On October 27th I underwent a successful double mastectomy, reconstruction and sentinel lymph node dissection ON WHEAT, the recovery from which has been longer and more uncomfortable than I anticipated. But they got good margins and found zero cancer cells in the lymph nodes.
They also did some genetic testing on my tumor to see how smart it is, like how aggressive and advanced and likely it is to return to the scene of the crime and steal some more shit. And I’m pleased to say that I have basically the stupidest kind of cancer. It’s real dumb. Like 95% chance it can’t even remember where I live, much less how to break into my house again. I’m thrilled to report my cancer resembles me in my 20s: pretty destructive, but lacks both motivation and follow-through. So, no other treatment needed!

The thief
It will always take something, cancer. It strips things away from us: our vitality, our money, our time, our futures, and sometimes even our lives.

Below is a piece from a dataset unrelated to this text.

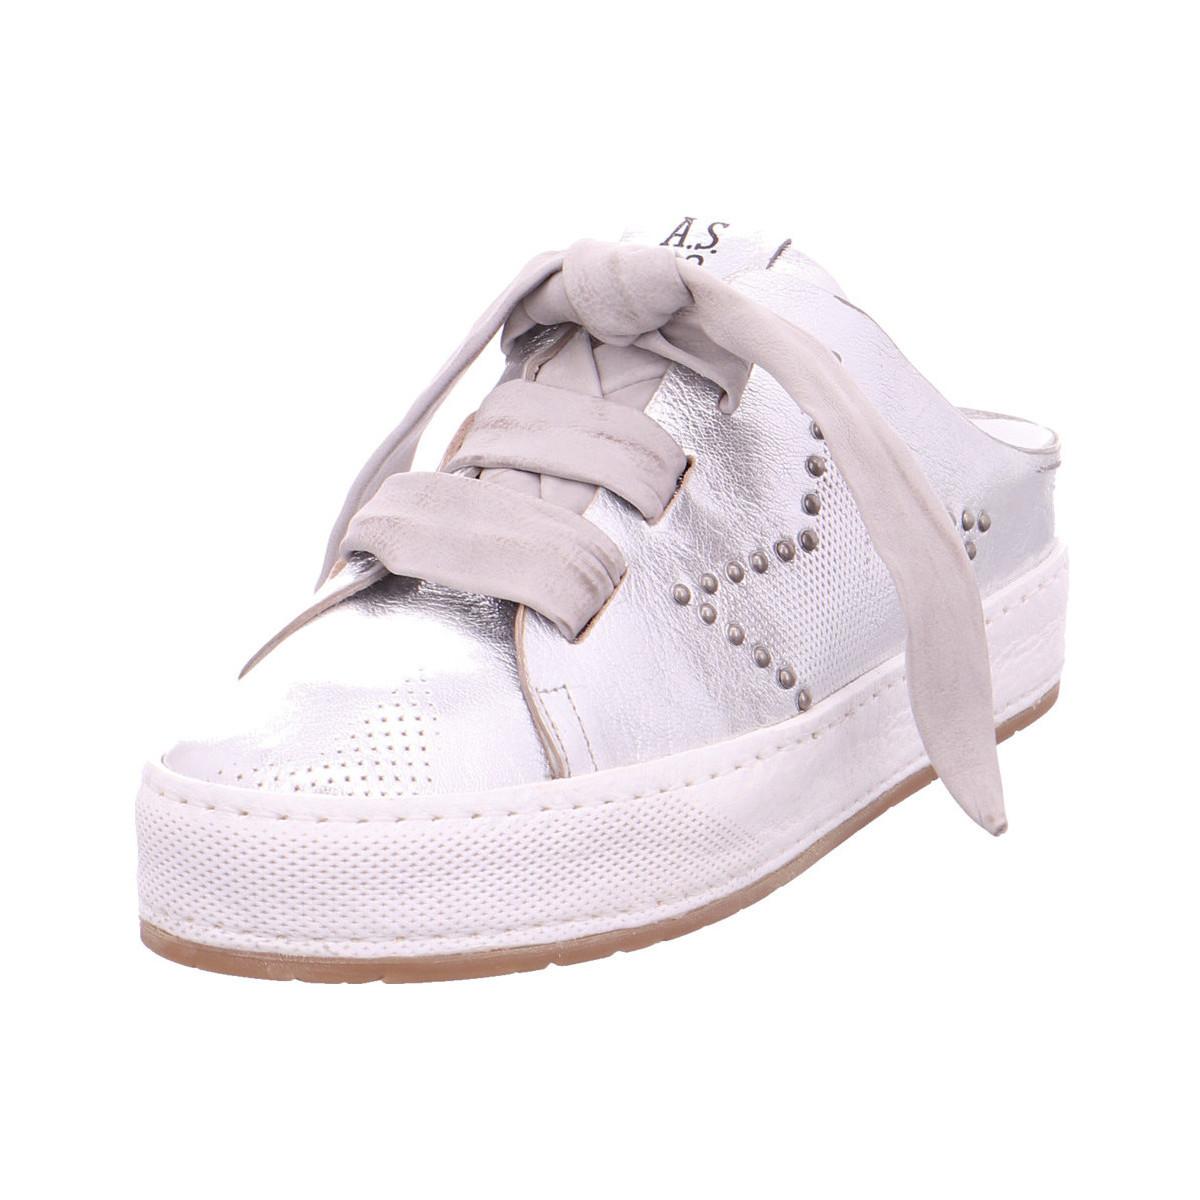 Airstep / AS98 - 852106-0201-0002 Argento/Grigio/White - Schuhe Pantoletten / Clogs Damen 199,95 €
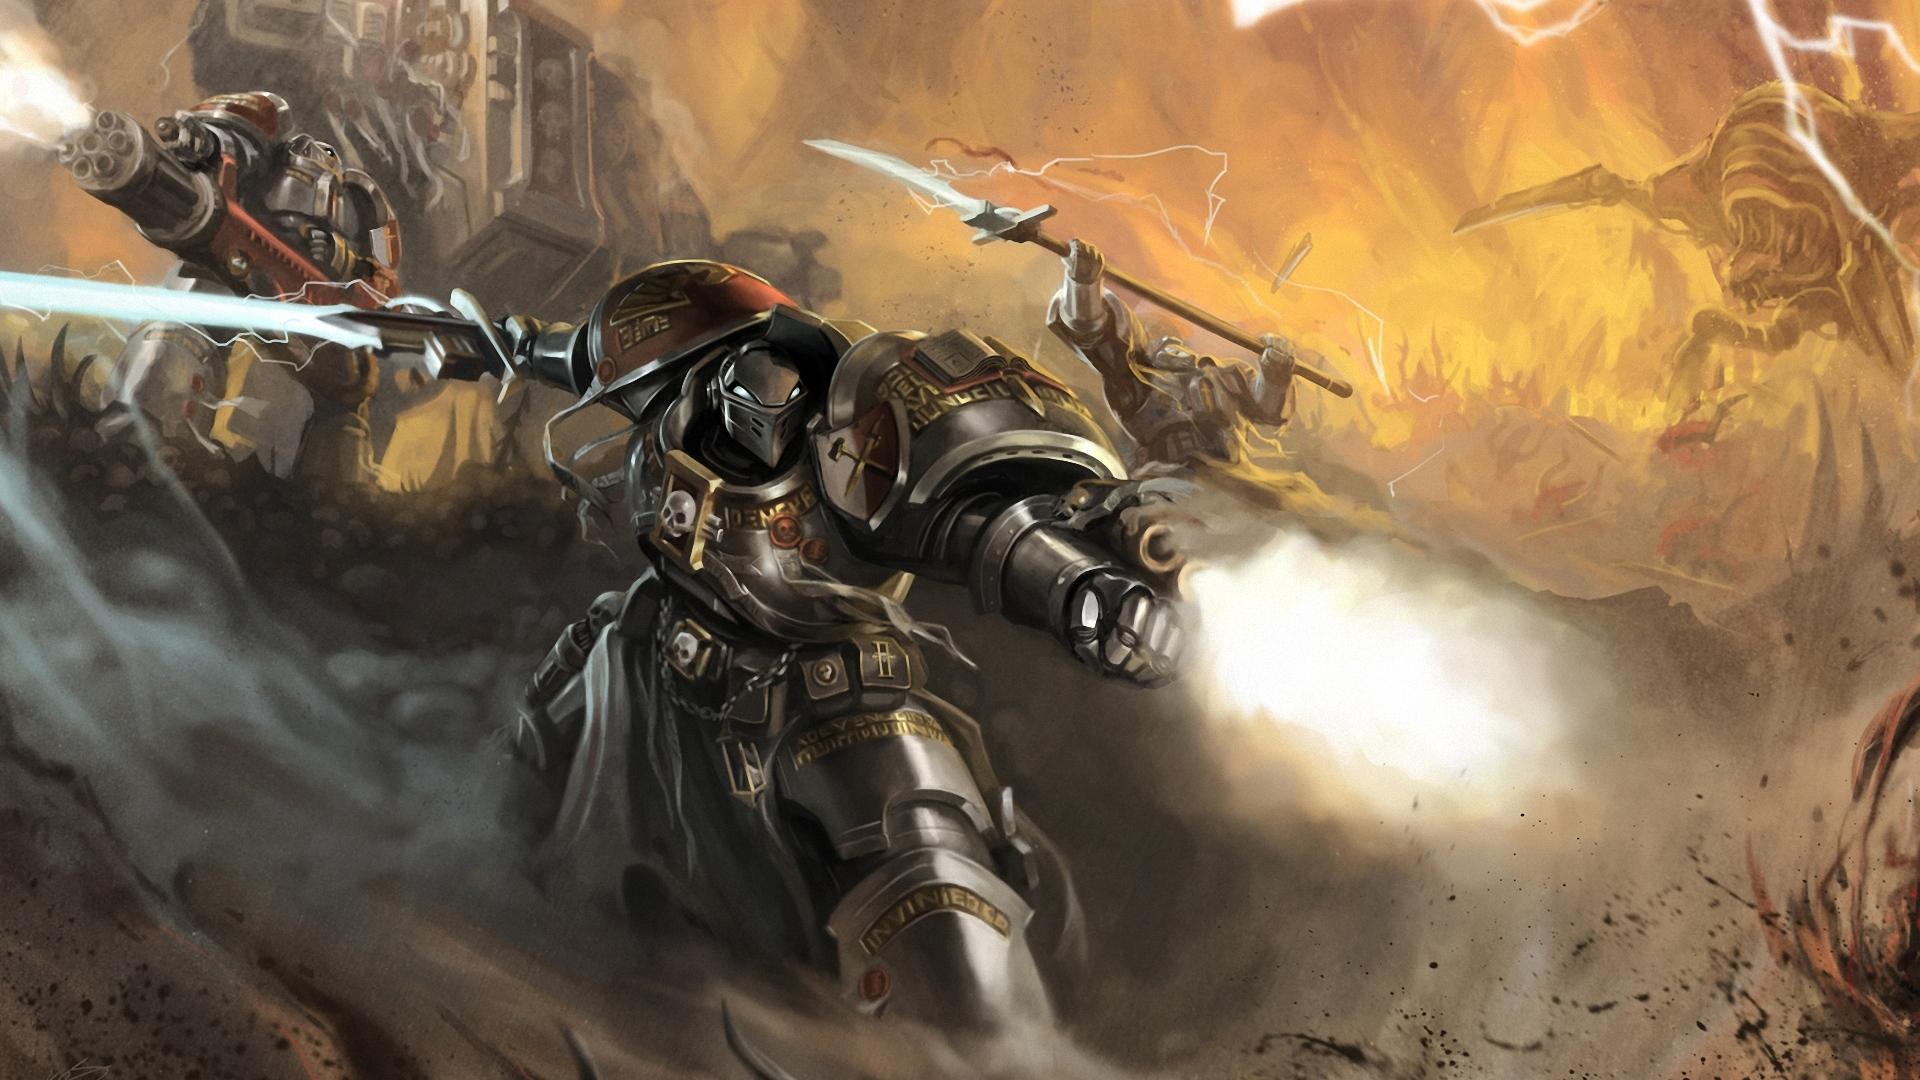 warhammer 40k wallpaper 1920x1080 - photo #29

It is a giant and it is a thief.
That’s the weight of the word: in so many cases, “cancer” is the thing that breaks into the home of your body, steals your treasures one by one, and then sometimes—after all the suffering—burns the whole thing down.
But that’s not my story.
My cancer just sort of broke into my house, scared the shit out of me, took a couple beautiful things, then replaced all the comfortable seating with folding chairs and left with the decorating budget. And I am, honest to God, unbelievably grateful it didn’t take more.
So, my dear readers, this is what has been going on for me. I don’t want to minimize it, nor do I want to exaggerate. It’s been difficult. And even as I say that, I am mindful that it is not vaguely comparable to what most cancer patients endure. Just know that I am ok. Truly.
Thank you for all your prayers and for sticking around while I gave myself time to recover. I’m not sure I could ever earn the trust you have in me. But I can make damn sure I never take it for granted.
There’s so much I want to say, but we will get to that. For now, I will just say that I am truly grateful.
I really do have everything I might want or need in this life.
…except nipples.
And that’s not too bad.
Be gentle with yourselves.
More soon…
Love, Nadia
p.s.- I’ve been asking for folks to please refrain from sharing things with me like: natural remedies, anecdotes about people you know who have had breast cancer (unless it’s you!), and I can’t state this strongly enough… anything with pink ribbons. Thanks for your understanding.
p.p.s. If you want a journaling prompt, or if you’d like to answer in the comments, I’d love to hear: is there something you might need to accept right now rather than avoid, deny or fight any longer?



In the words of dear Richard Rohr, may we all learn to forgive reality (and be more accepting). Thanks for sharing ❤️
Of everything beautiful and heartbreaking and funny (nod to the “shit sandwich”) in your writing, this made me tear up:
“I’m not sure I could ever earn the trust you have in me.”
You already have earned our trust by showing us the messy heart of truly loving Jesus.